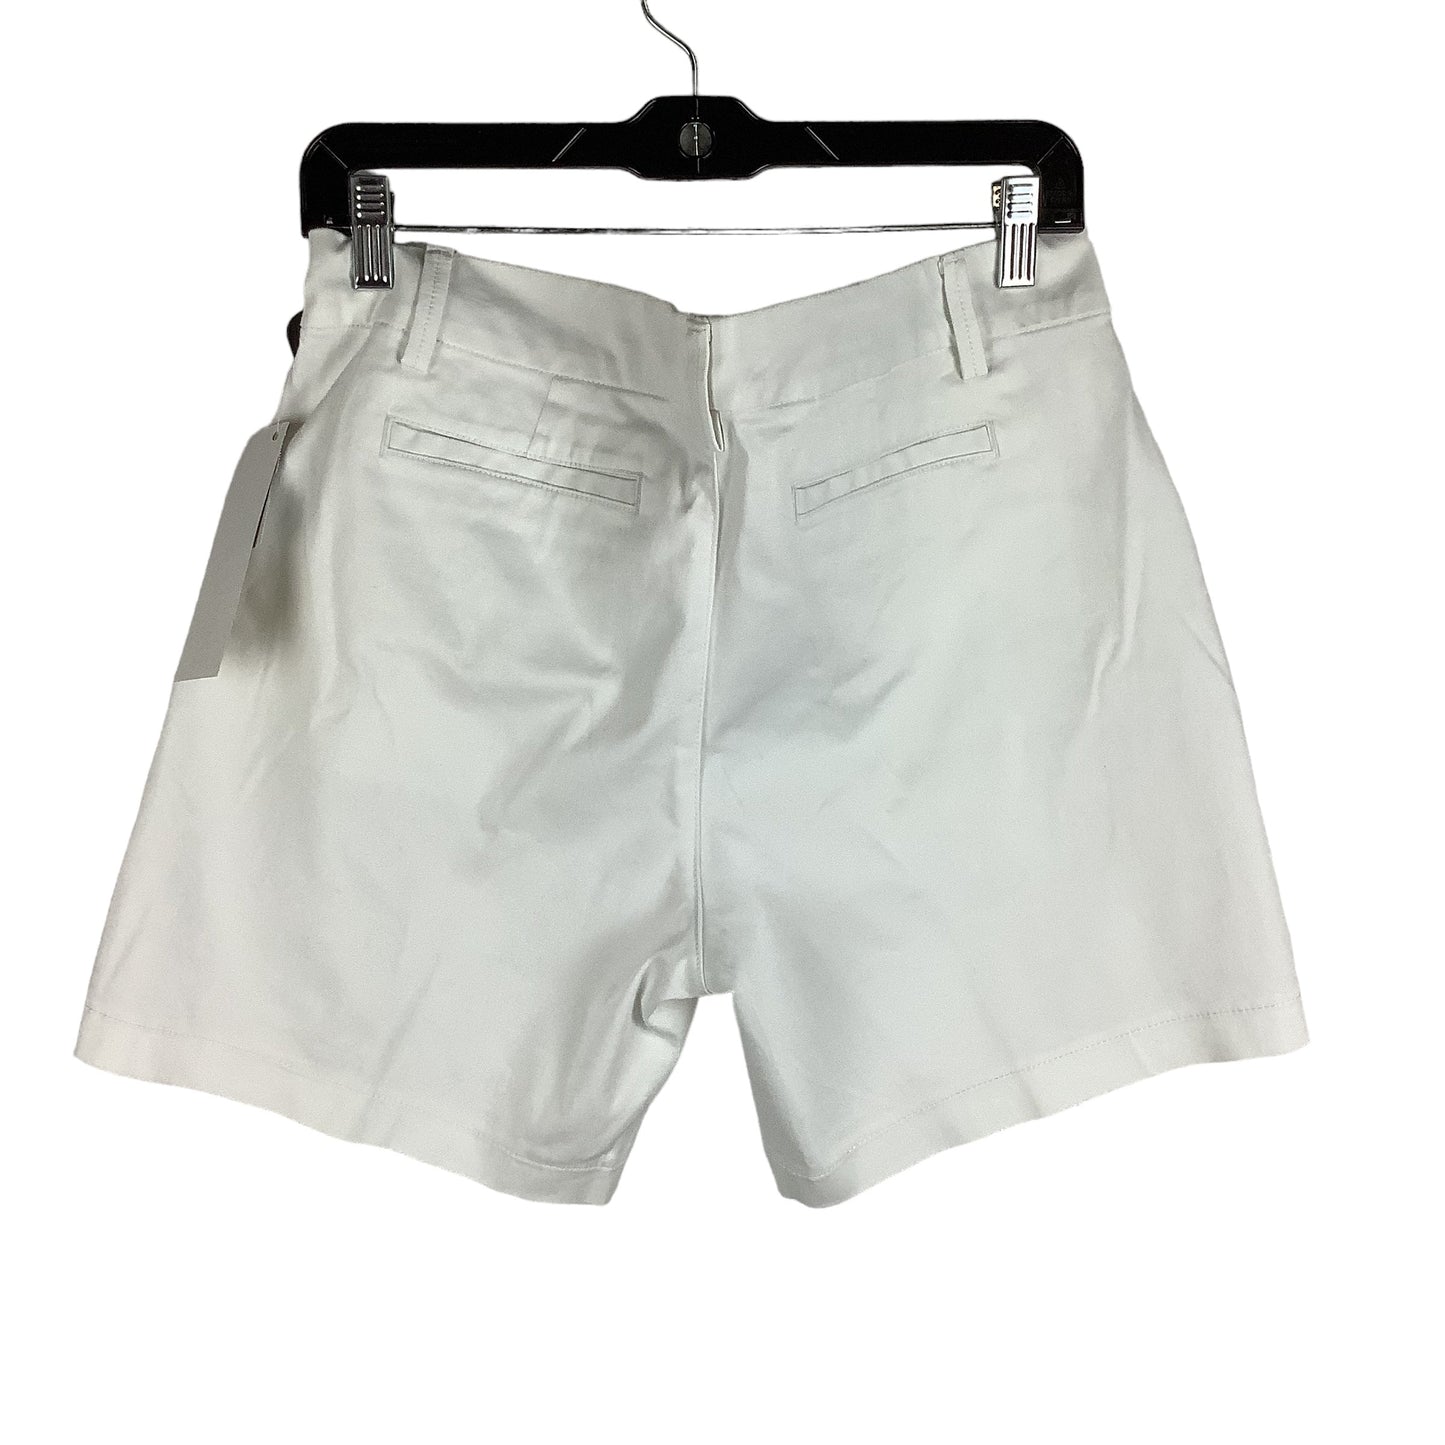 White Shorts Designer Lilly Pulitzer, Size 10
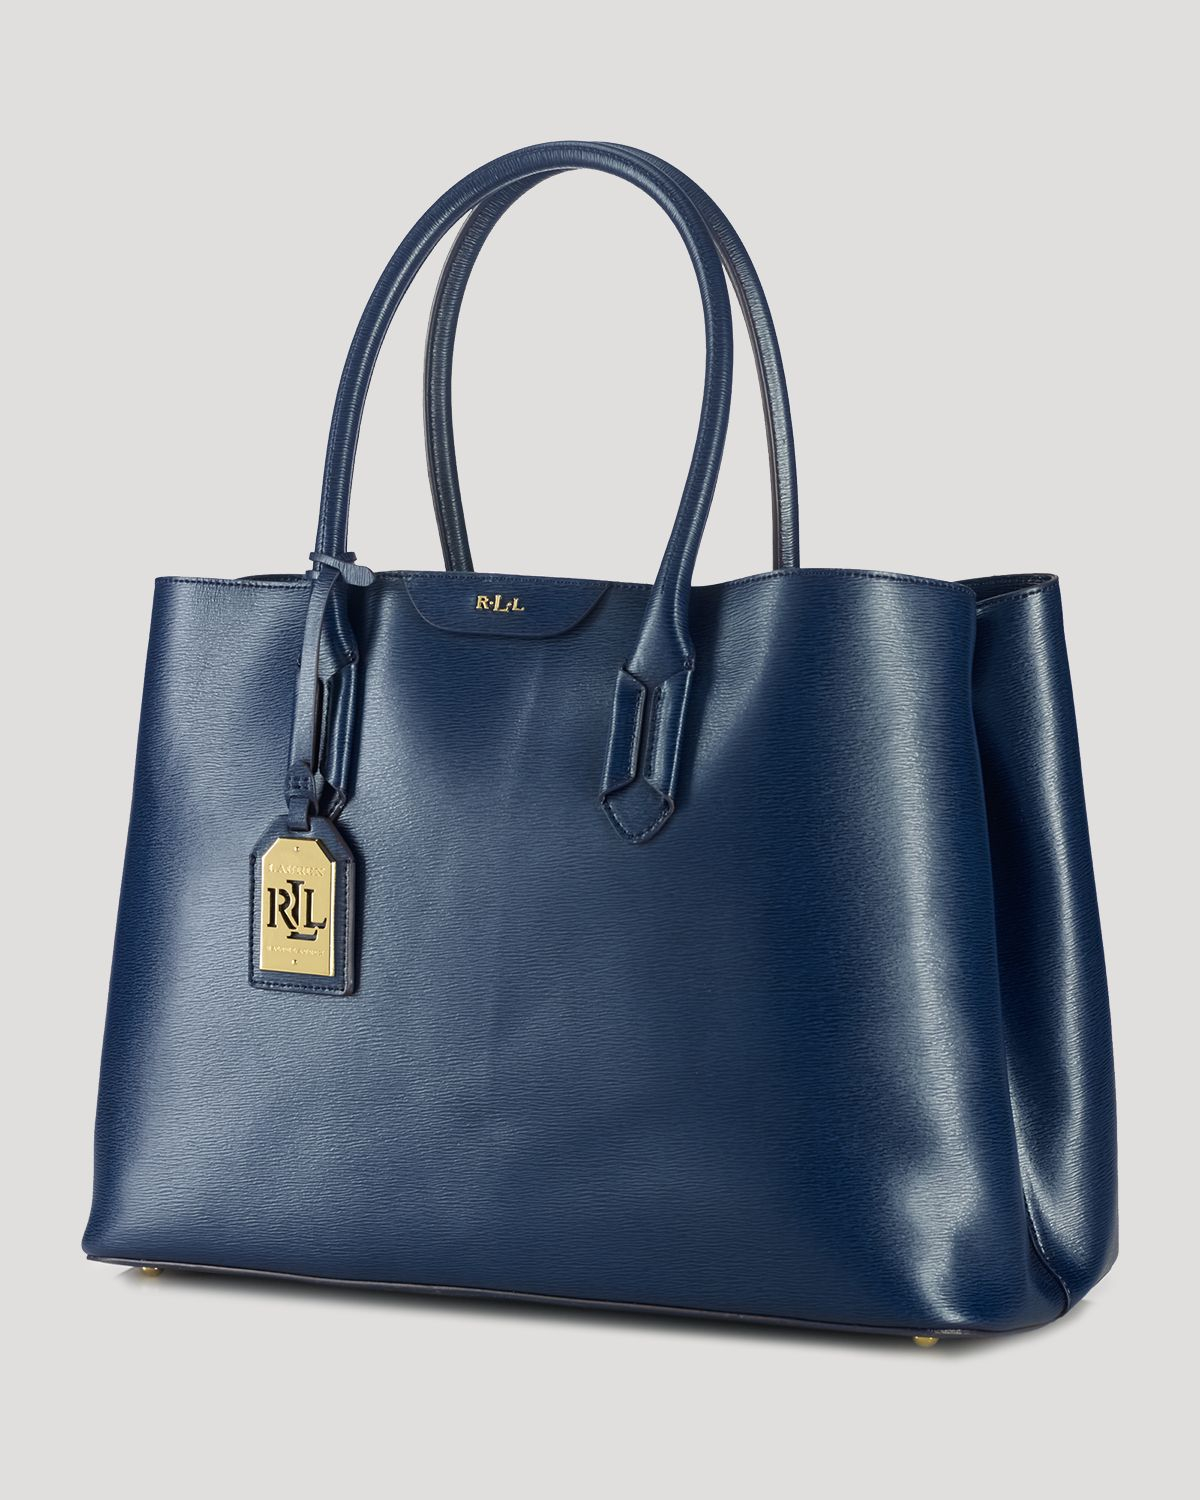 ralph lauren handbags blue - 65% OFF 
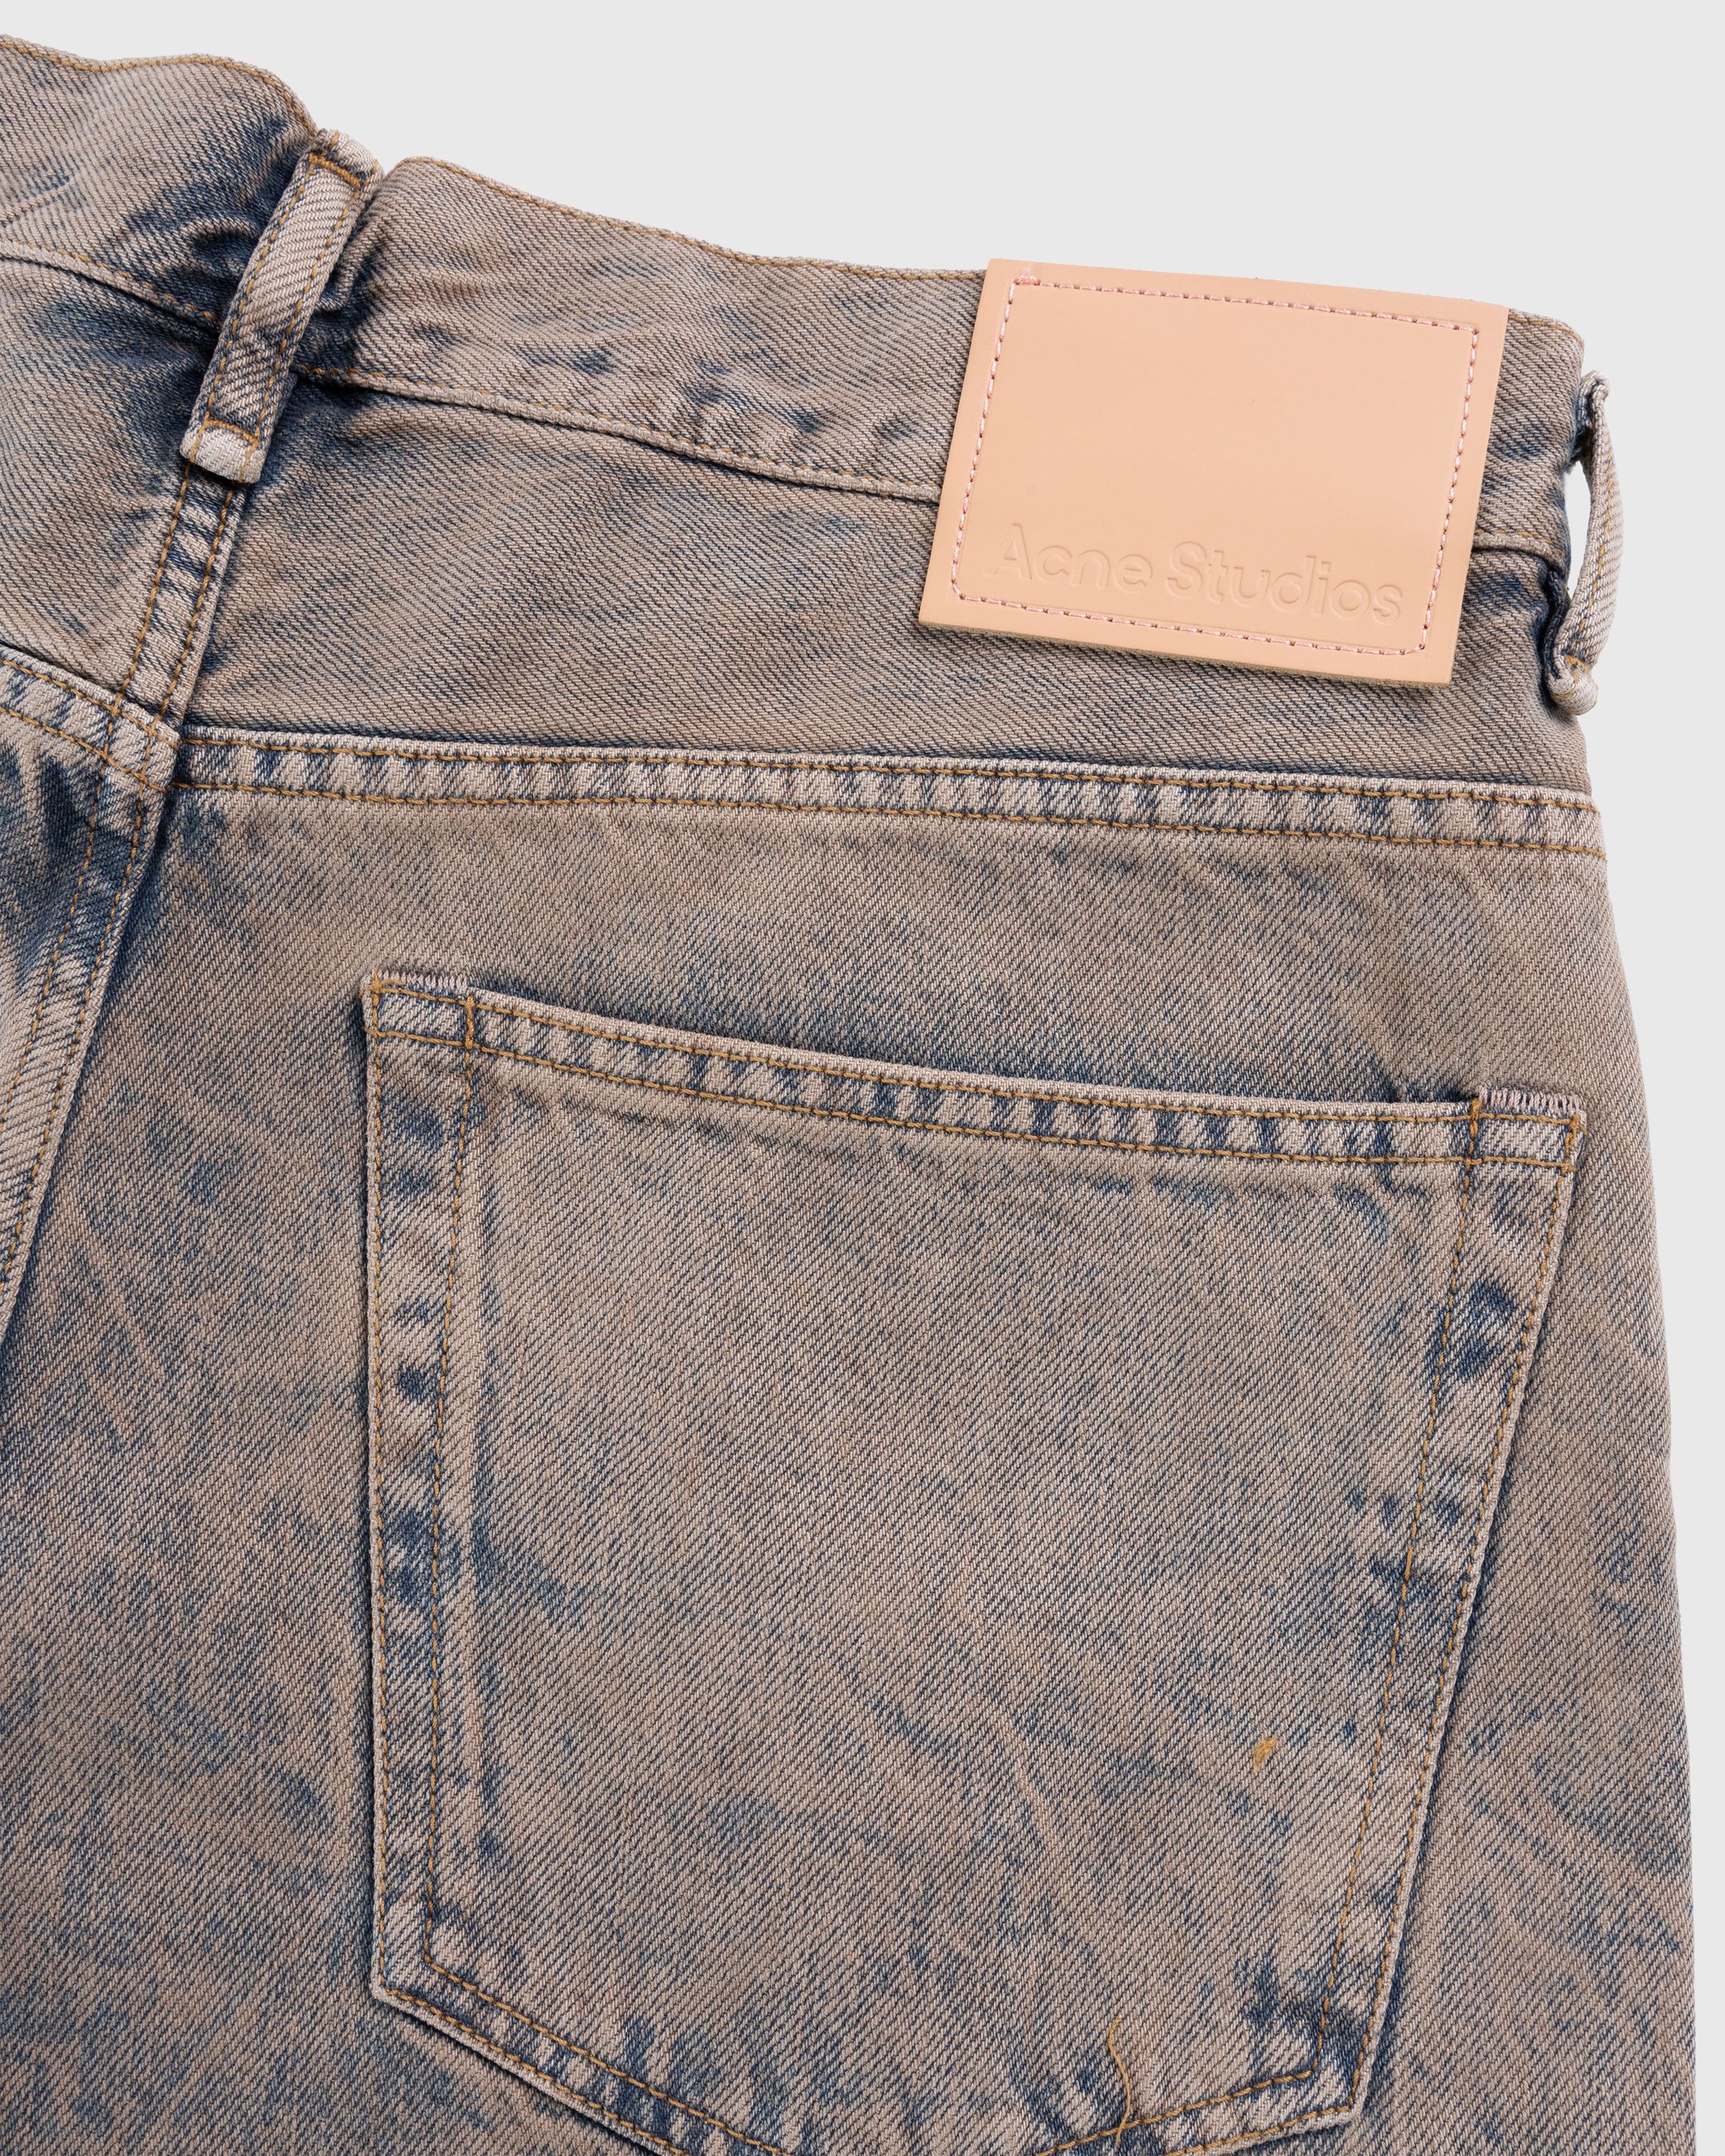 Acne Studios - Loose Fit Denim Shorts Light Pink/Grey - Clothing - Multi - Image 6

▬▬▬▬▬▬

:: GOAL OF THE EXERCISE ::
What the answer must hold is the exact text of every line from the one containing "ralph lauren handbags blue - 65% OFF" through the end of the data, minus any pictures.

:: WRITTEN SOLUTION ::
 ralph lauren handbags blue - 65% OFF 
 Acne Studios - Loose Fit Denim Shorts Light Pink/Grey - Clothing - Multi - Image 6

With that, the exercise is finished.